There was the sound of splintering wood and then he came back and tossed a section of the bulwarks into the cockpit at my feet. ‘The bow wave did that.’ He sat down beside me again. ‘It isn’t good enough, John. The boat hasn’t been surveyed and for all you know the hull may be as rotten as the gear after lying for two years on a French mud bank.’
‘The hull’s all right,’ I told him. I was calmer now. ‘There are a couple of planks to be replaced and she needs restopping. But that’s all. I went over every inch of her with a knife before I bought her. The wood is absolutely sound.’
‘And what about the fastenings?’ His right eyebrow lifted slightly. ‘Only a surveyor could tell you whether the fastenings-’
‘I told you, I’m having her surveyed as soon as we reach Lymington.’
‘Yes, but that doesn’t help us now. If this gale comes up on us suddenly … I’m a prudent mariner,’ he added. ‘I like the sea, but it’s not a creature I want to take liberties with.’
‘Well, I can’t afford to be prudent,’ I said. ‘Not right now.’
Mike and I had just formed a small salvage company and every day we delayed getting the boat to England for conversion was a day lost out of our diving season. He knew that.
‘I’m only suggesting you steer a point off your direct course,’ he said. ‘Close-hauled we can just about lay for Hanois on Guernsey Island. We’ll then II be in a position to take advantage of the wind when it backs and run for shelter to Peter Port.’
Of course… I rubbed my hand over my eyes. I should have known what he was driving at. But I was tired and the steamer incident had left me badly shaken. It was queer the way the vessel had sailed right through us like that.
‘It won’t help your salvage venture if you smash the boat up.’ Hal’s voice cut across my thoughts. He had taken my silence for refusal. ‘Apart from the gear, we’re not very strongly crewed.’
That was true enough. There were only the three of us. The fourth member of the crew, Ian Baird, had been sea-sick from the time we had left Morlaix.

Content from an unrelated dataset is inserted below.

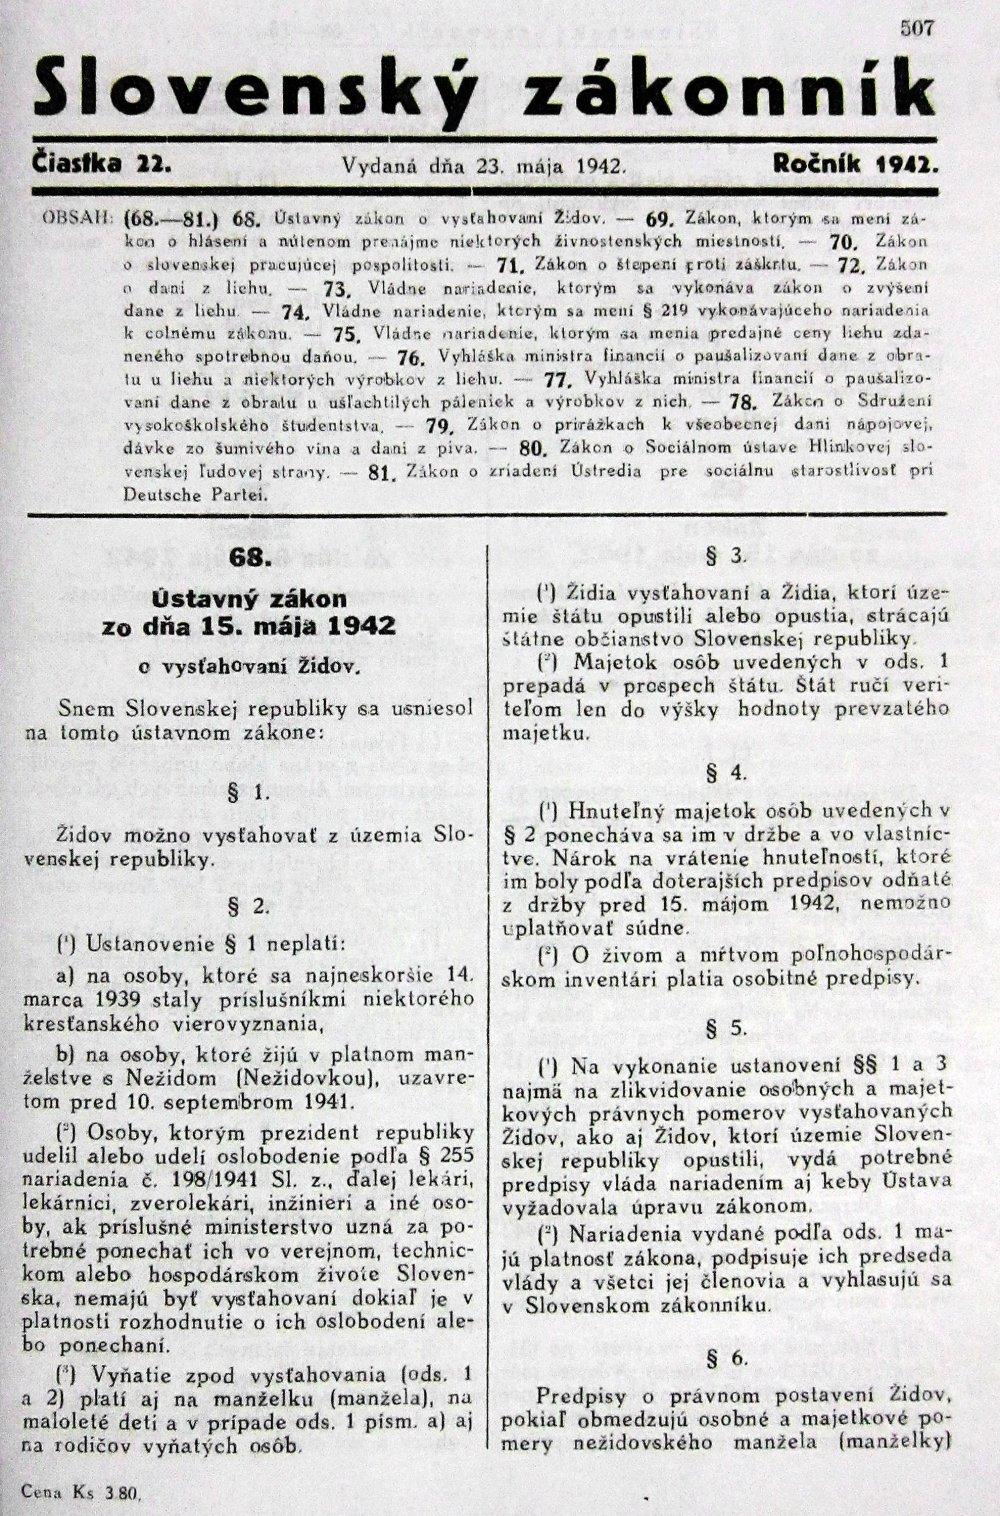 V roku 1942 ľudácky režim Slovenského štátu schválil ústavný zákon, ktorý zbavil deportovaných židov štátneho občianstva. Foto - TASR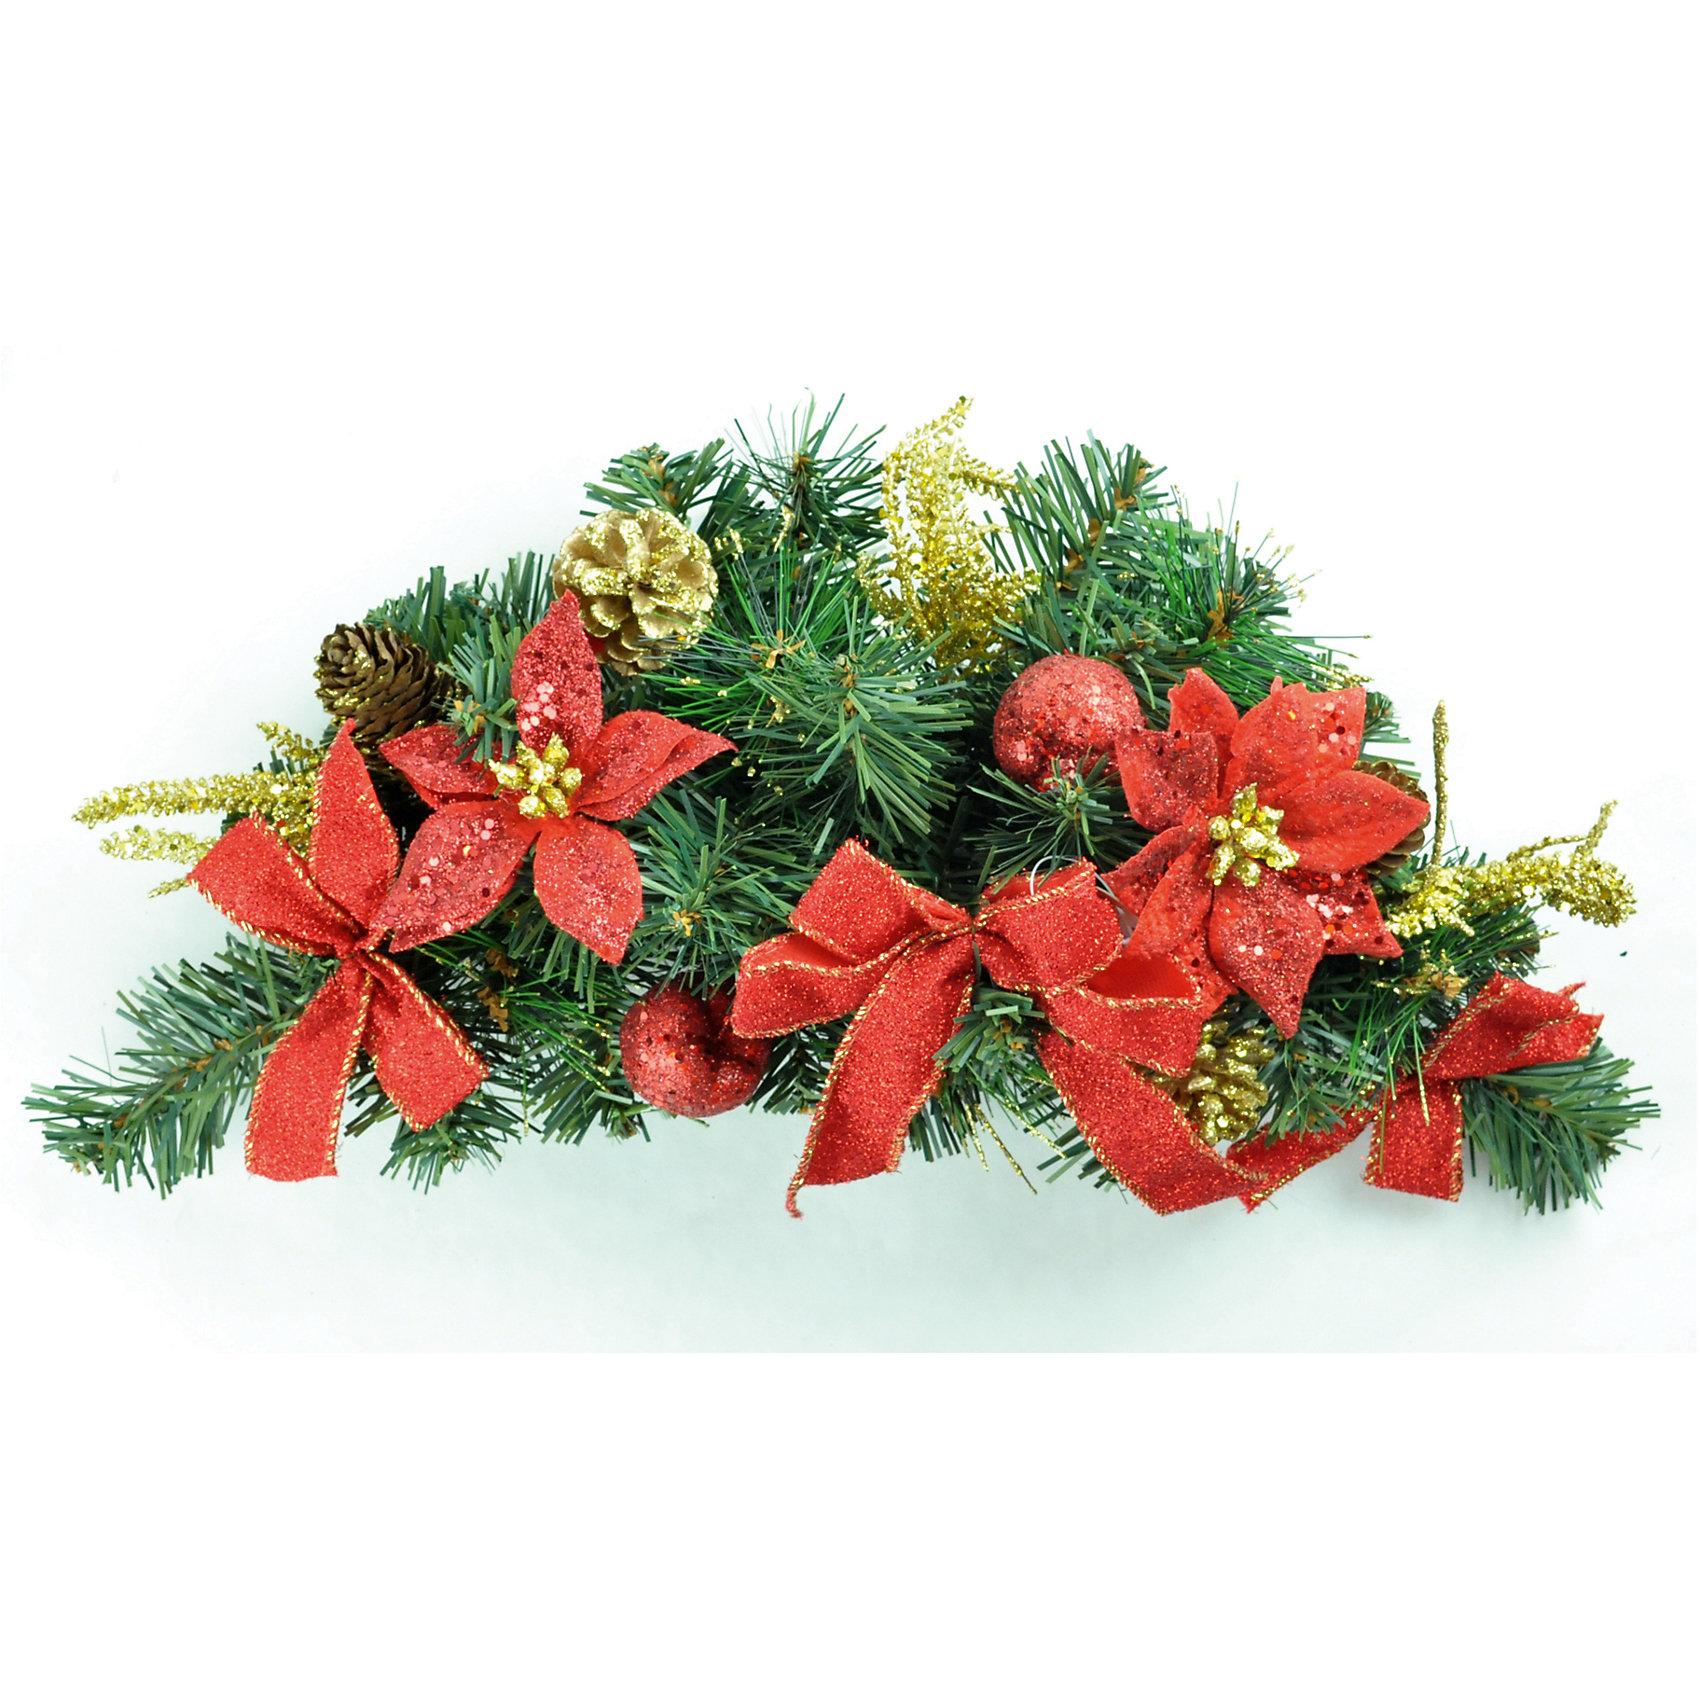 Хвойная гирлянда с красным декором, 45 смХвойная гирлянда с декором, Волшебная страна, станет замечательным украшением Вашего интерьера и поможет создать волшебную атмосферу новогодних праздников. Нарядная, искусно выполненная гирлянда в виде еловых веток украшена красными цветами, бантиками и шариками, она будет чудесно смотреться в Вашей комнате или детской и радовать детей и взрослых. <br><br>Дополнительная информация:<br><br>- Цвет украшений: красные.<br>- Длины гирлянды: 45 см.<br>- Размеры: 47 х 16 х 12 см.<br>- Вес: 0,204 кг. <br><br>Хвойную гирлянду с красным декором, Волшебная страна, можно купить в нашем интернет-магазине.<br><br>Ширина мм: 470<br>Глубина мм: 160<br>Высота мм: 120<br>Вес г: 204<br>Возраст от месяцев: 36<br>Возраст до месяцев: 2147483647<br>Пол: Унисекс<br>Возраст: Детский<br>SKU: 4288588

And she was a biggish boat for three to handle — a forty-tonner. ‘Very well,’ I said. ‘We’ll head for Guernsey.’
He nodded as though he’d known it all along. ‘You’ll need to steer North 65 degrees East then.’
I turned the wheel, giving her starboard helm, and watched the compass card swing to the new course. He must have been working out the course in the charthouse just before the steamer came up on us. ‘I take it you worked out the distance, too?’
‘Fifty-four miles. And at this rate,’ he added, ‘it’ll be daylight long before we get there.’
An uneasy silence settled between us. I could hear him sucking at his empty pipe, but I kept my eyes on the compass and didn’t look at him. Damn it, I should have thought of Peter Port for myself! But there’d been so much to do at Morlaix getting the boat ready … I’d just about worked myself to a standstill before ever we put to sea.
‘That ship.’ His voice came out of the darkness at my side, a little hesitant, bridging the gap of my silence. ‘Damned queer,’ he murmured. ‘You know, if there really was nobody on board …’ He checked and then added, half-jokingly, That would have been a piece of salvage that would have set you up for life.’ I thought I sensed a serious note underlying his words, but when I glanced at him he shrugged his shoulders and laughed. ‘Well, I think I’ll turn in again now.’ He got up and his ‘good night’ floated back to me from the dark gap of the charthouse.
Shortly afterwards Mike brought me a mug of hot soup. He stayed and talked to me whilst I drank it, speculating wildly about the Mary Deare. Then he, too, turned in and the blackness of the night closed round me. Could there really have been nobody on the bridge? It was too fantastic — an empty ship driving pell mell up the Channel. And yet, cold and alone, with the pale glimmer of the sails swooping above me and the dismal dripping of mist condensed on the canvas, anything seemed possible.